Task statement: The expected output is the full data, repeated exactly, without pictures.

Input data:
◆ ◆ ◆ ◆ ◆ ◆ ◆
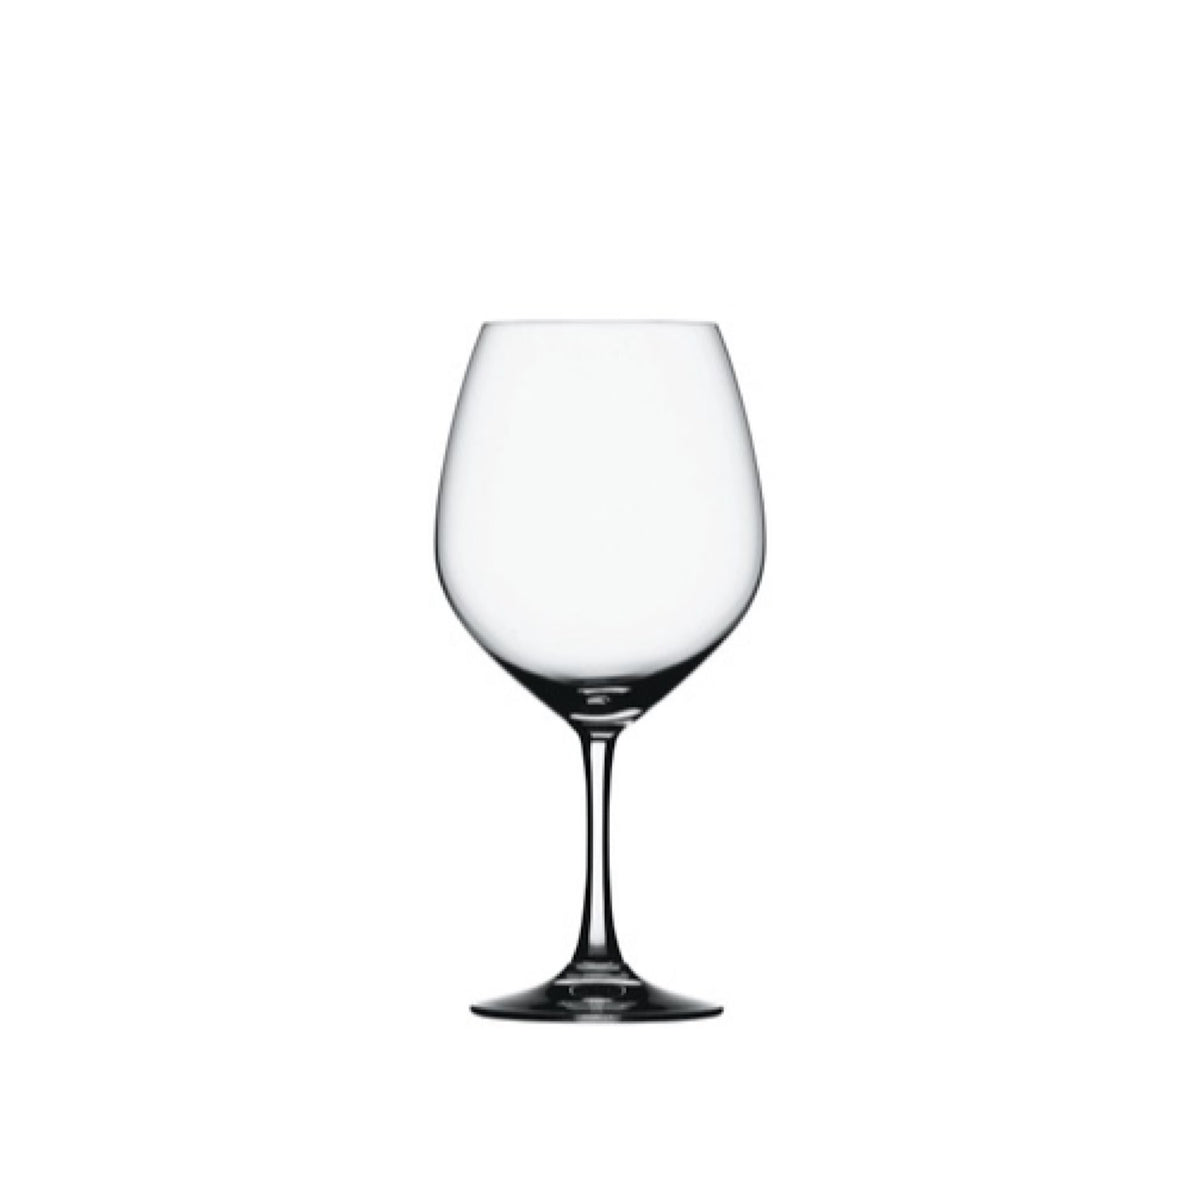 Vino Grande Burgundy Glasses, Set of 4
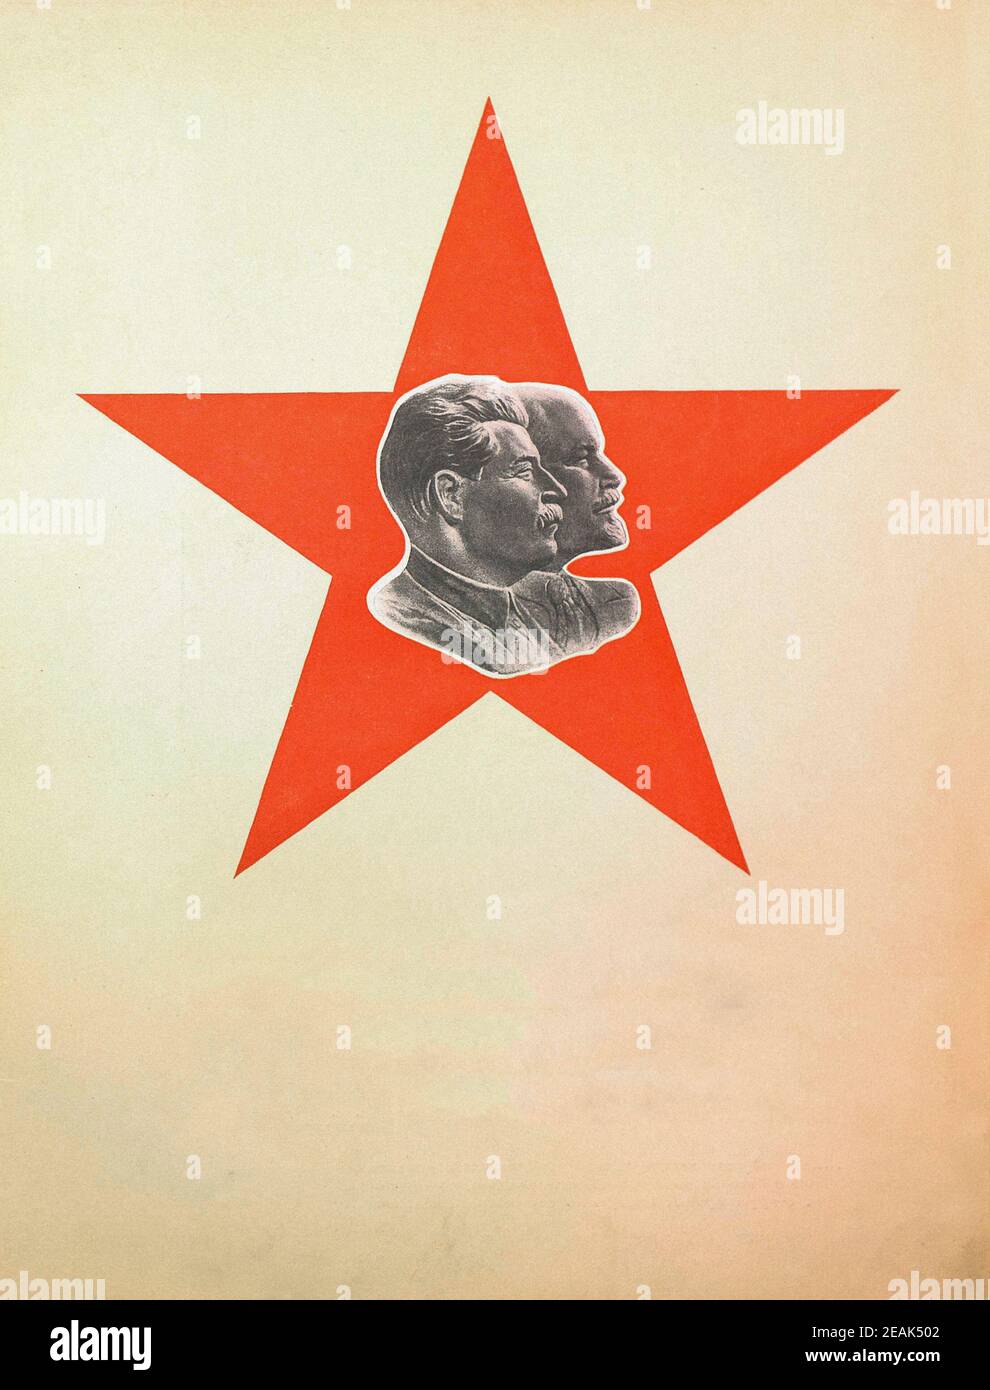 Esercito Rosso. Dal libro di propaganda sovietico del 1937. I leader sovietici Lenin e Stalin sullo sfondo della stella rossa. Foto Stock
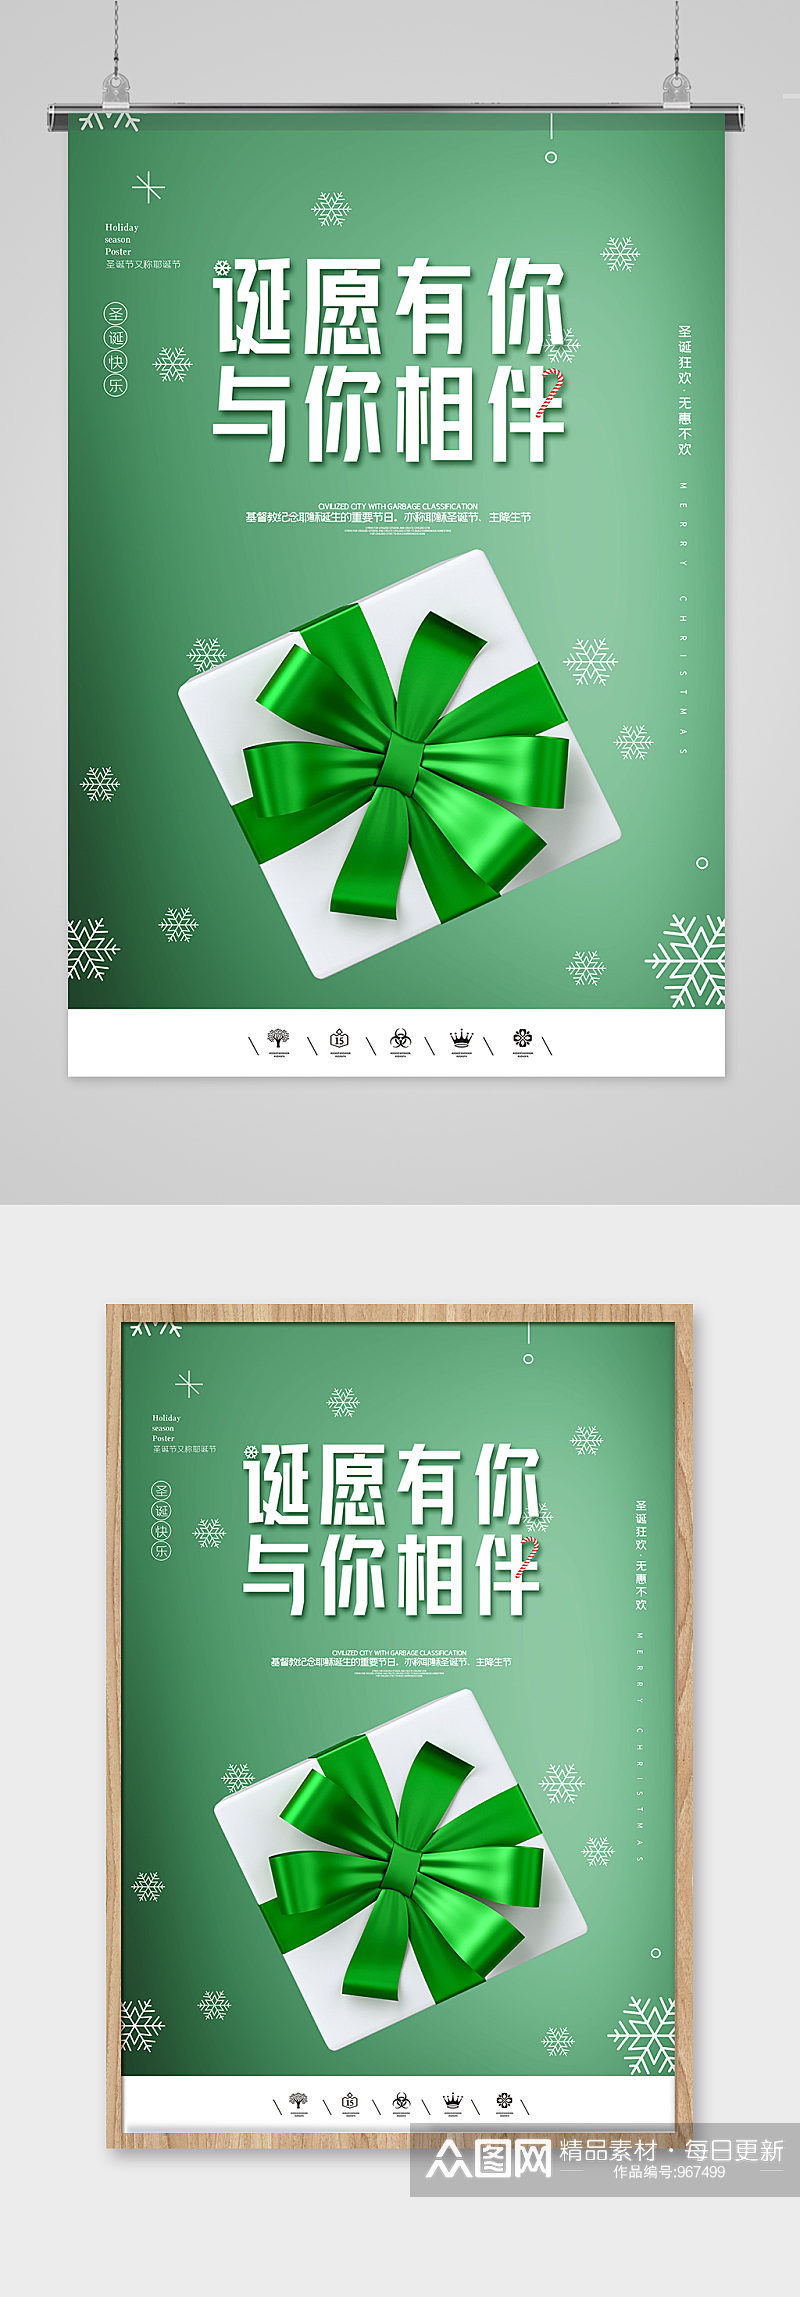 圣诞节极简绿色礼盒海报素材
◆ ◆ ◆ ◆ ◆ ◆ ◆
Answer area:
 Vino Grande Burgundy Glasses, Set of 4
 Esercito Rosso. Dal libro di propaganda sovietico del 1937. I leader sovietici Lenin e Stalin sullo sfondo della stella rossa. Foto Stock
 圣诞节极简绿色礼盒海报素材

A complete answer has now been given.